* **Source material**:
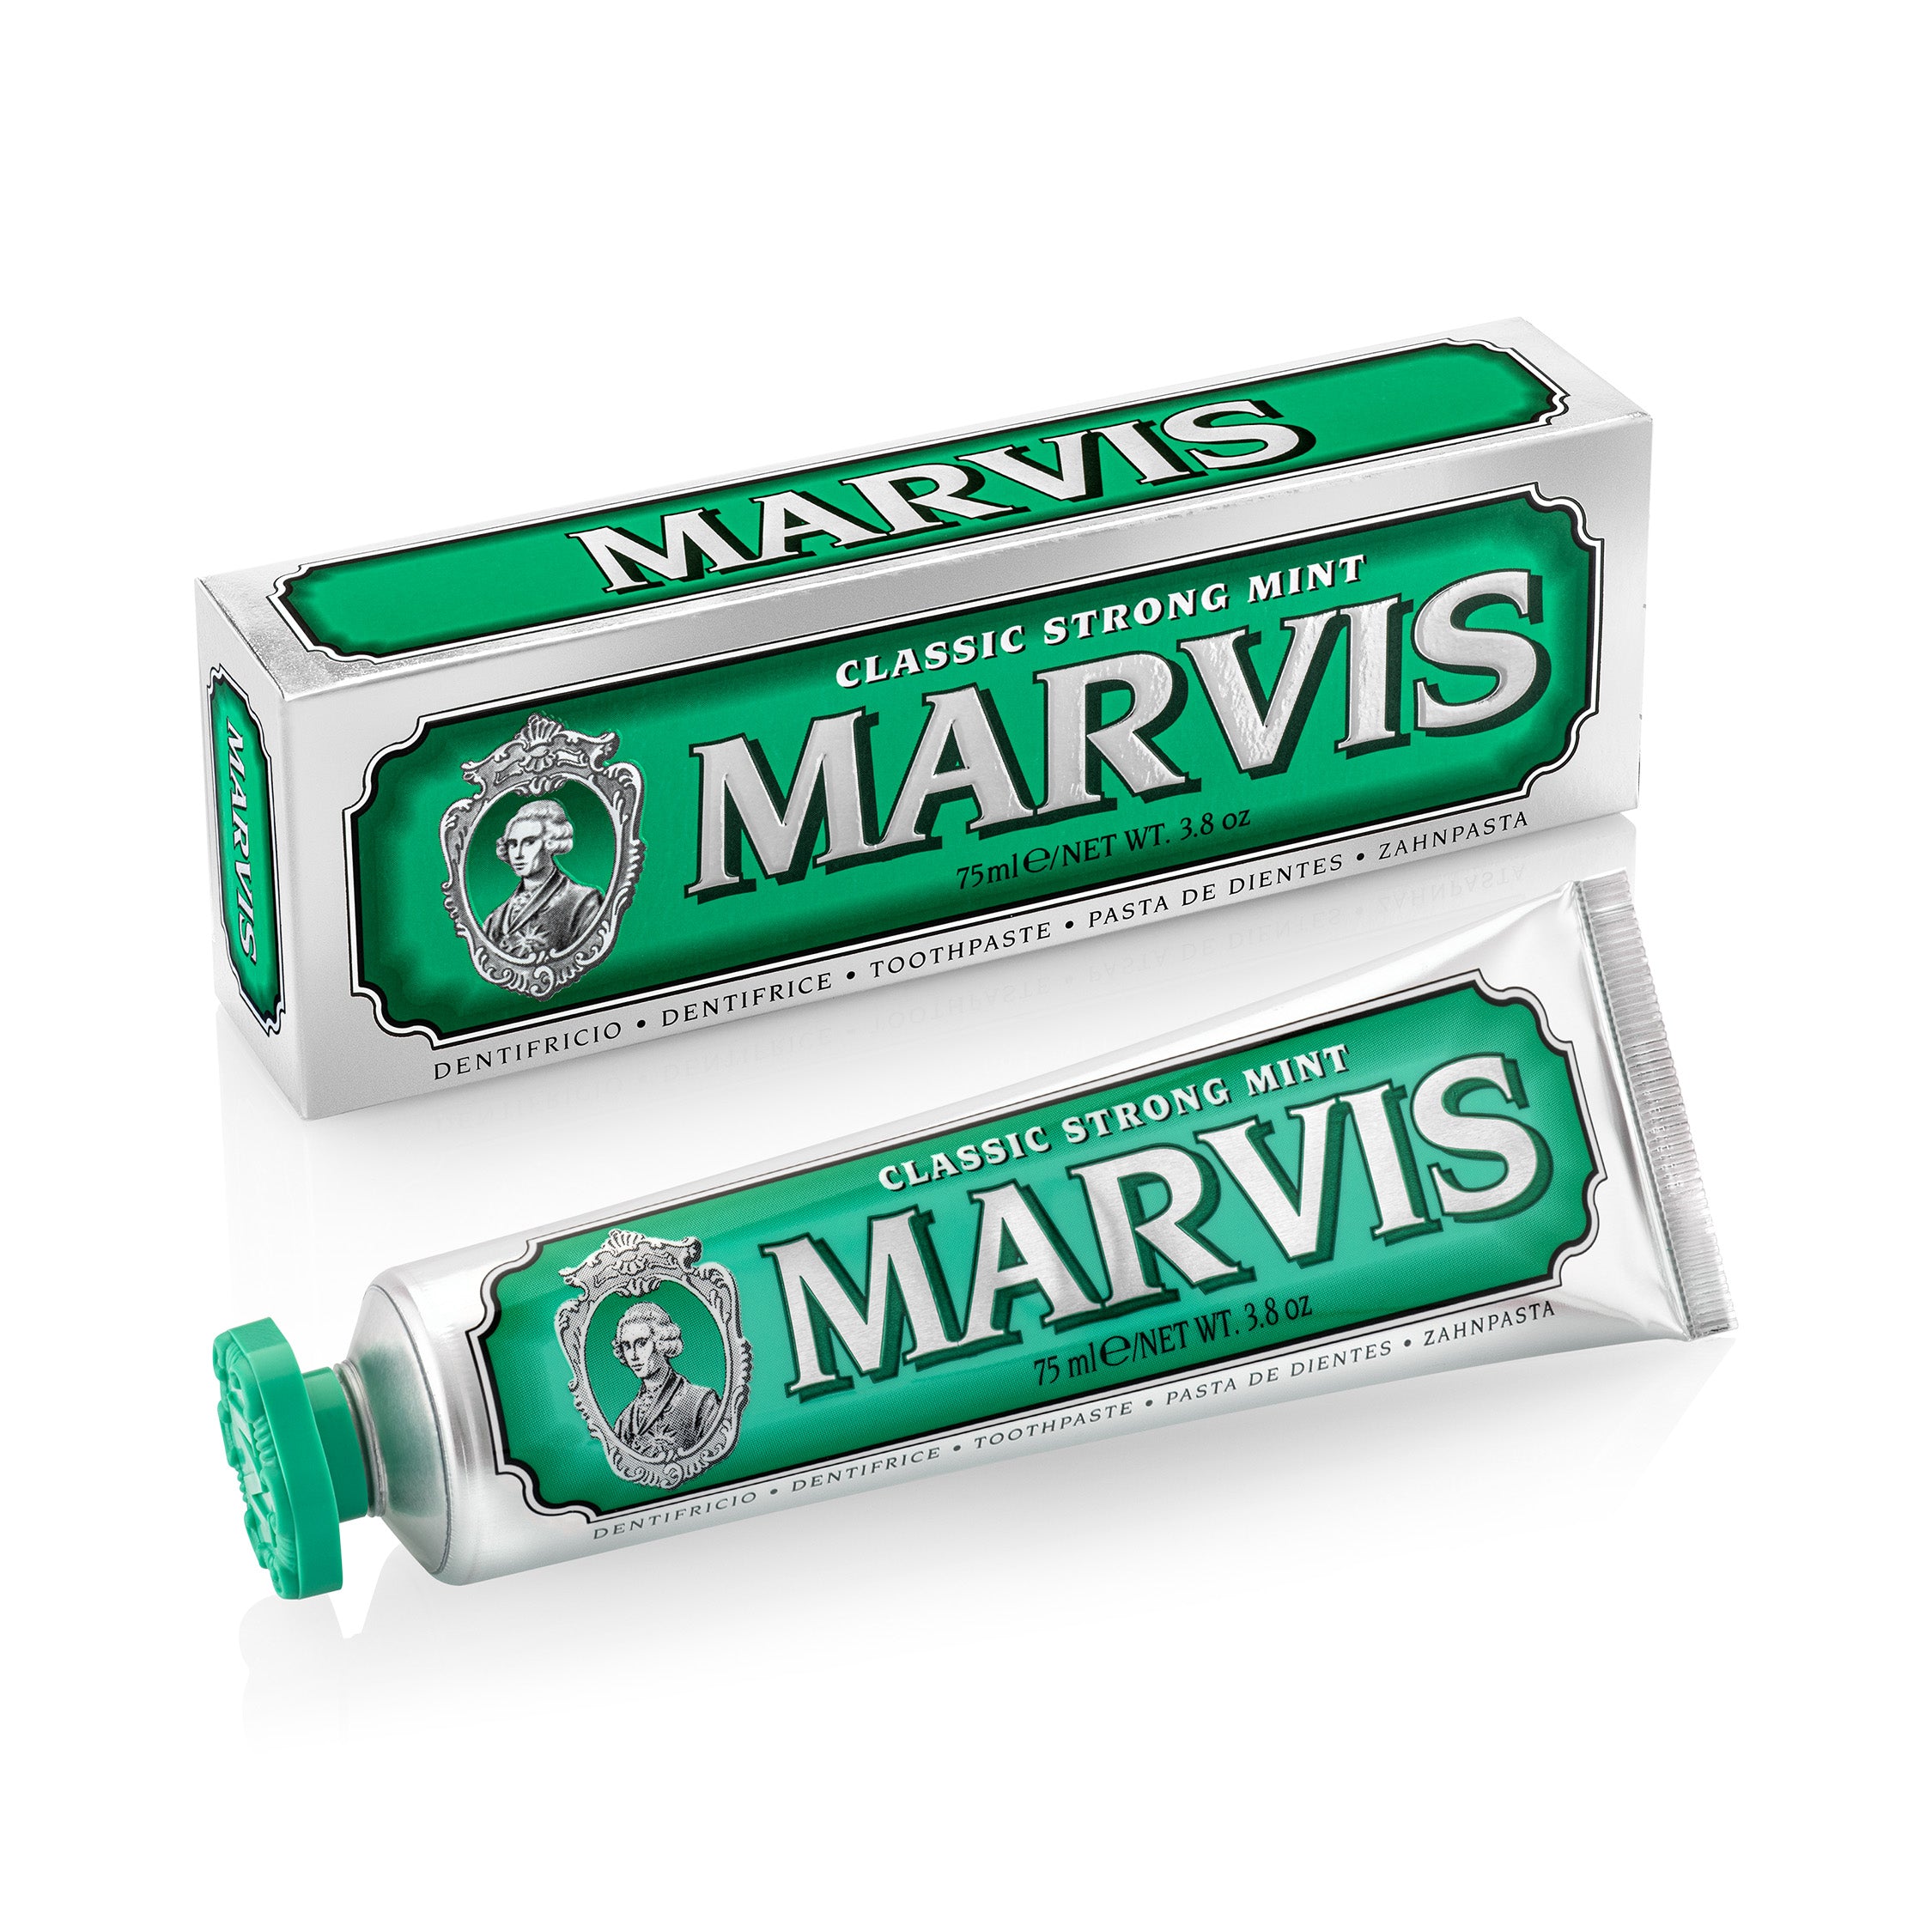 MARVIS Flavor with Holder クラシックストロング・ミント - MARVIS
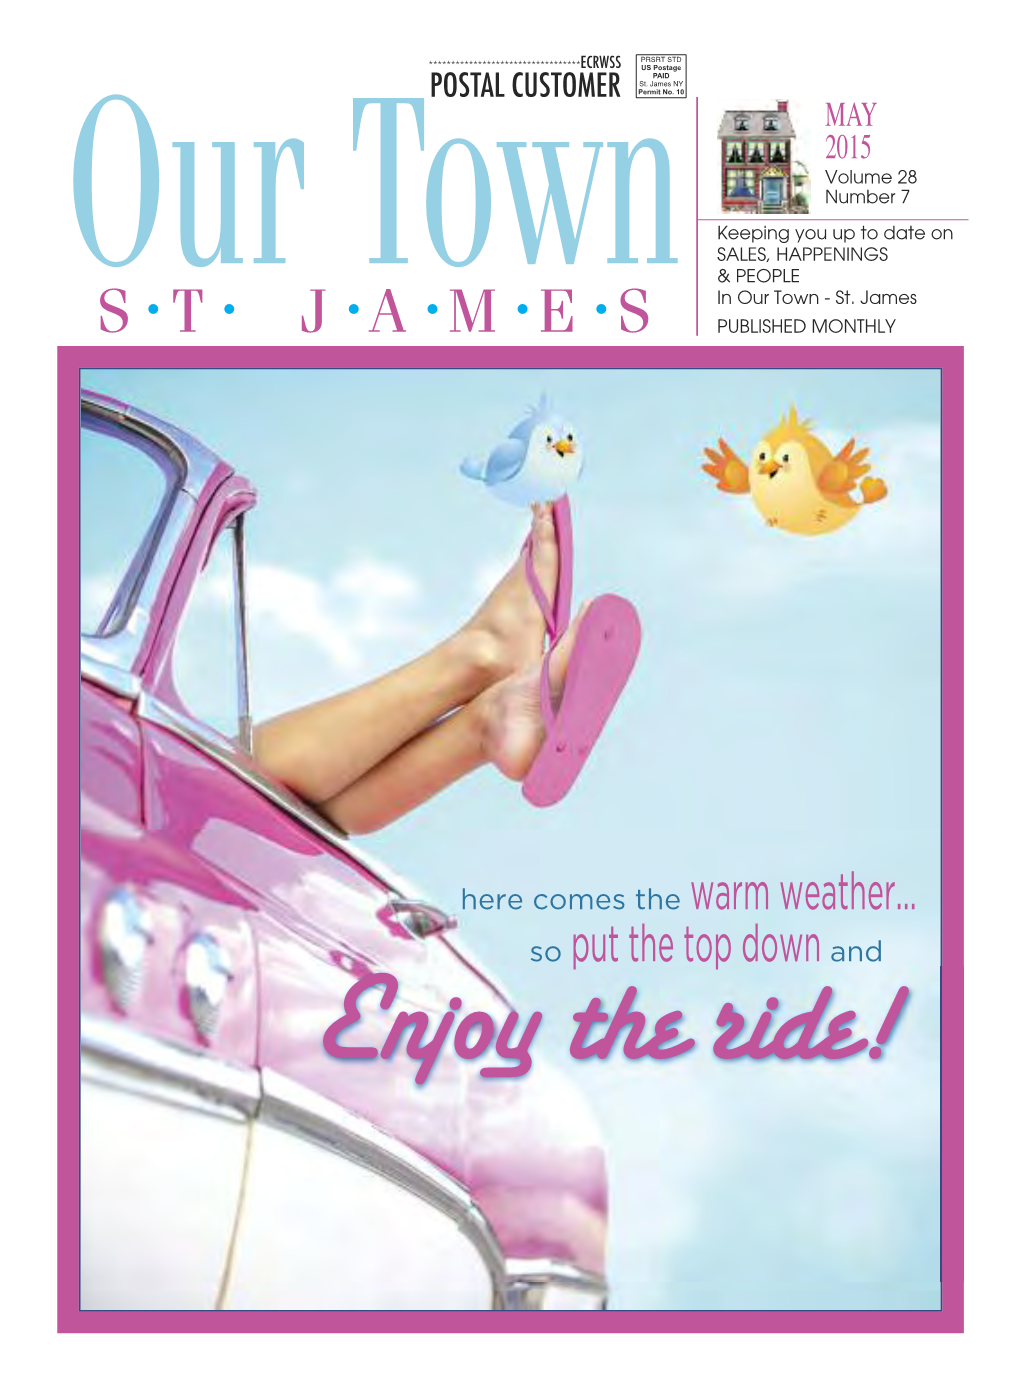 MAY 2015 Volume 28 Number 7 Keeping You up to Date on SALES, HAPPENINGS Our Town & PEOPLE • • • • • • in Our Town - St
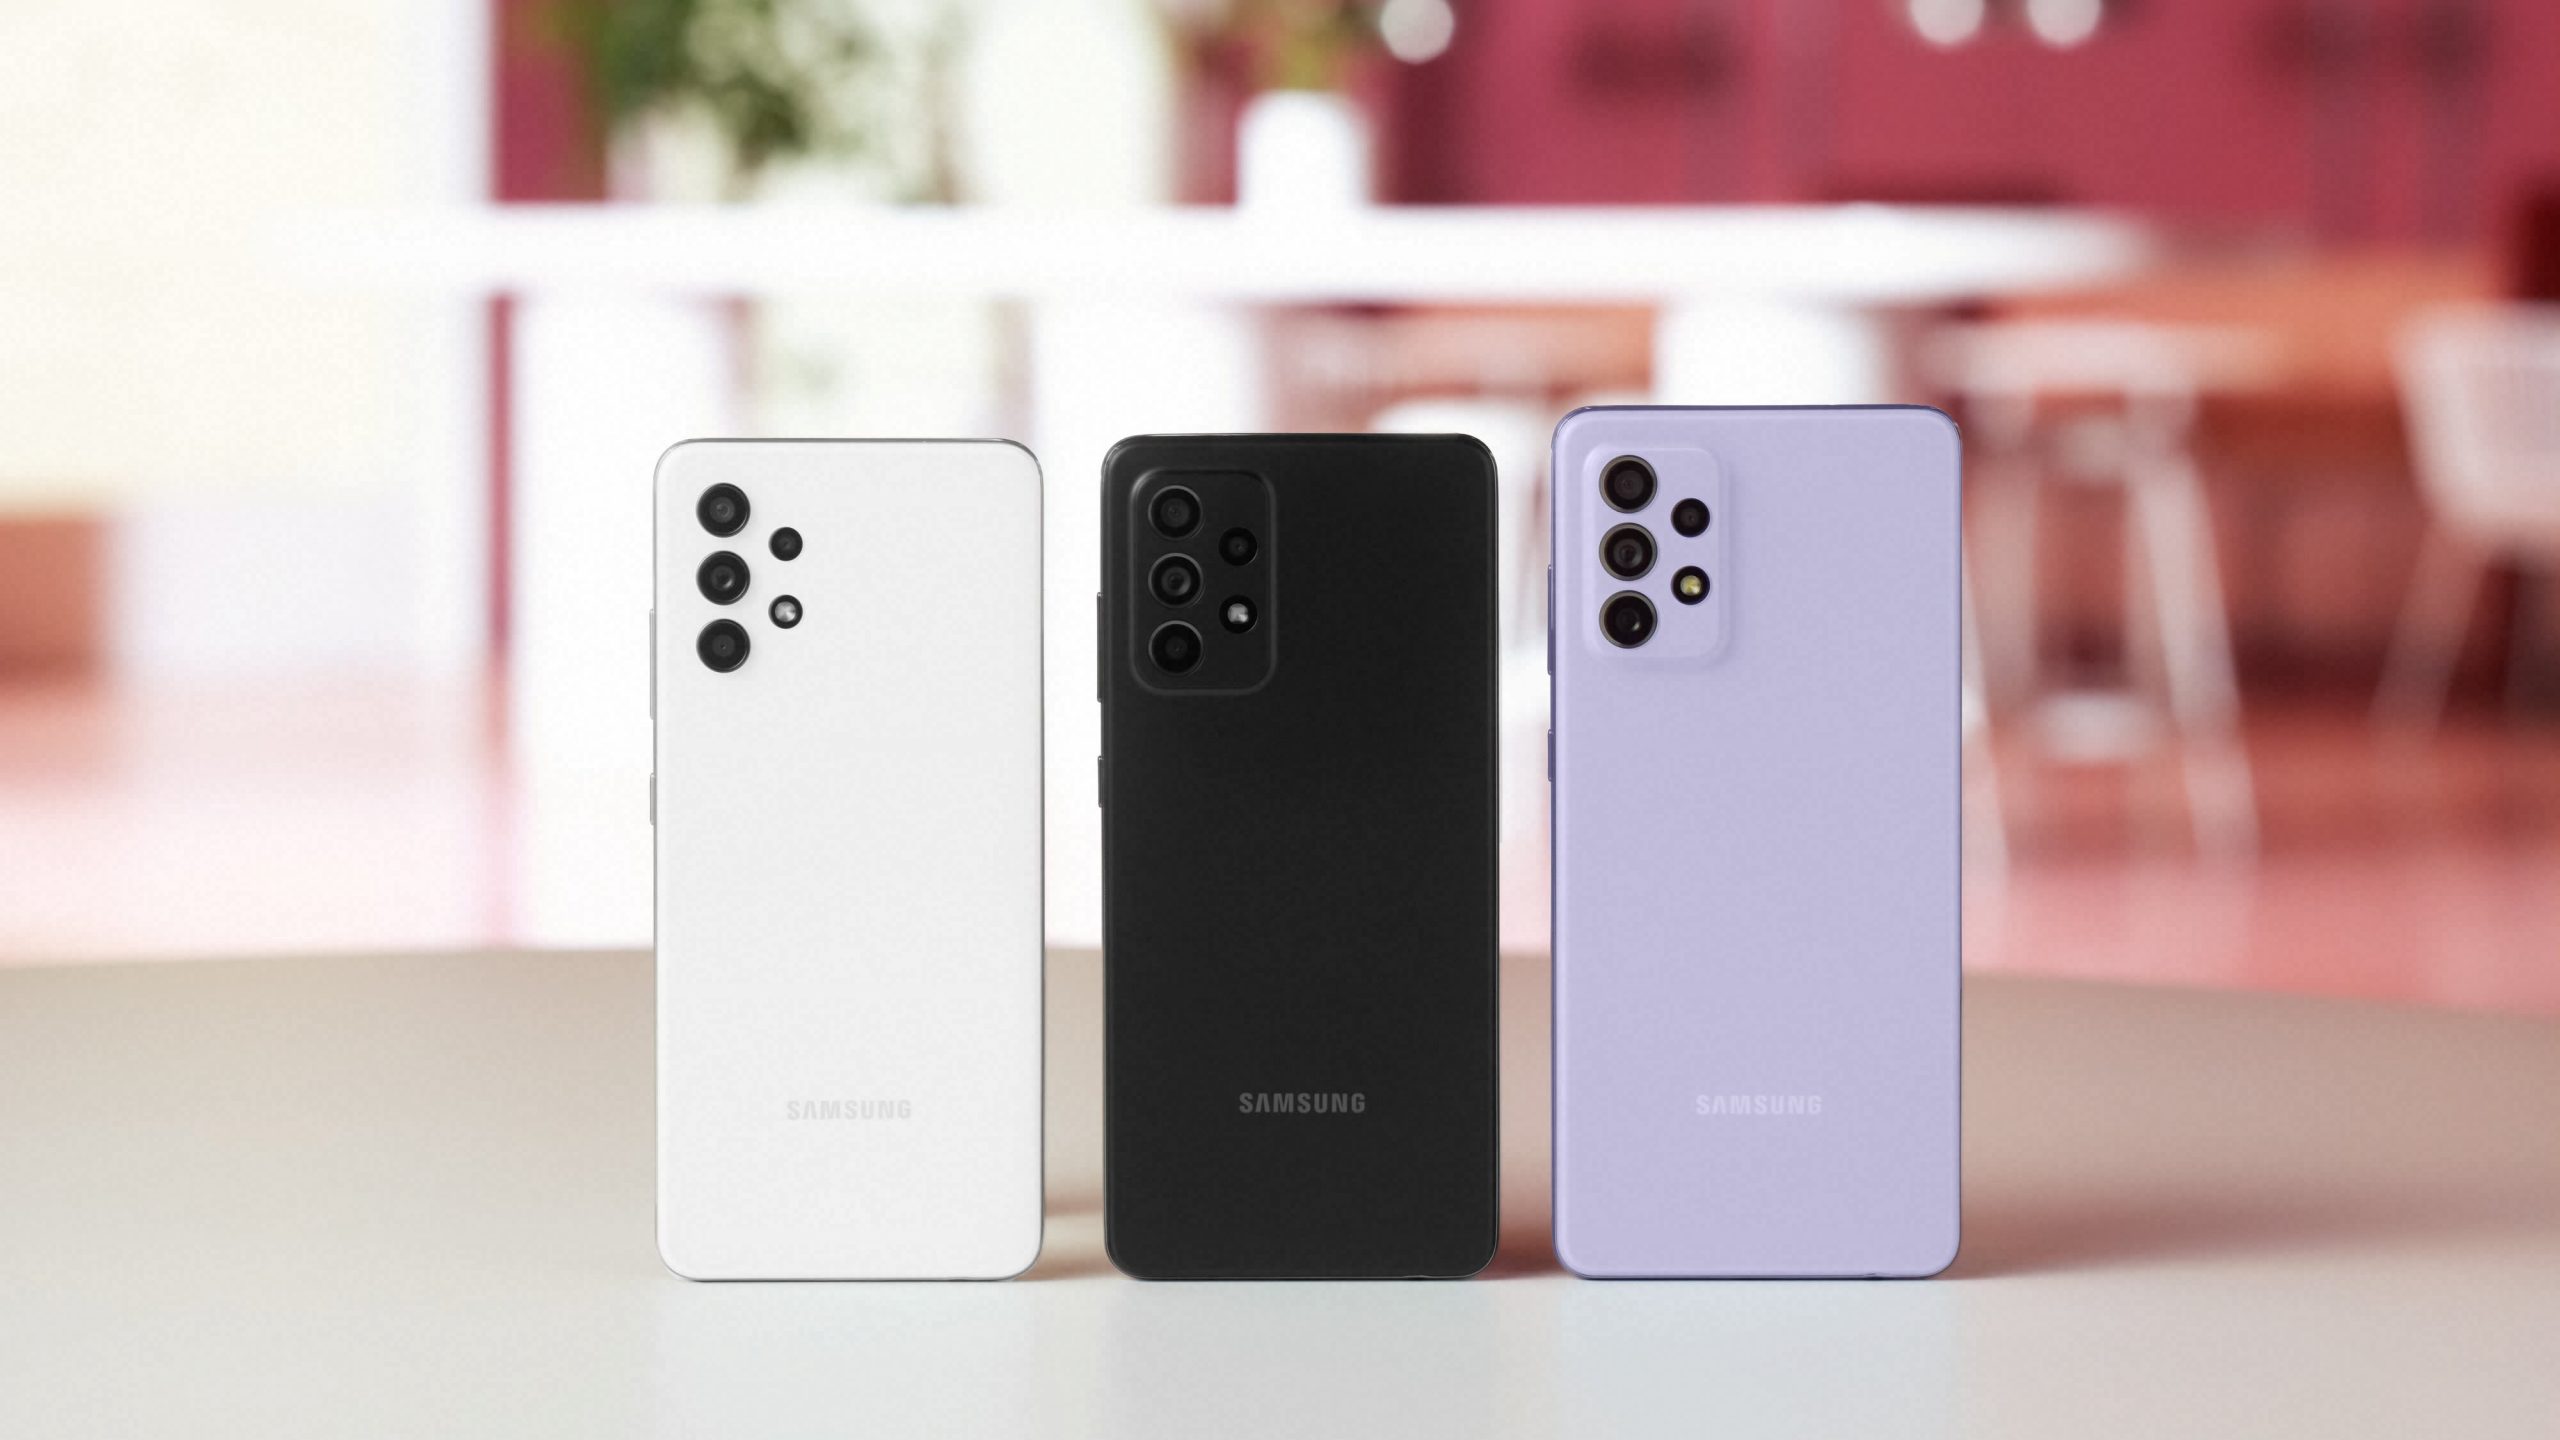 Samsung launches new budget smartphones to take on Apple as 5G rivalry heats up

* **Task instructions**: Every last line above must be reproduced as written, and no pictures belong in the copy.

* **Exercise result**:
 MARVIS Flavor with Holder クラシックストロング・ミント - MARVIS
 MAY 2015 Volume 28 Number 7 Keeping You up to Date on SALES, HAPPENINGS Our Town & PEOPLE • • • • • • in Our Town - St
 Samsung launches new budget smartphones to take on Apple as 5G rivalry heats up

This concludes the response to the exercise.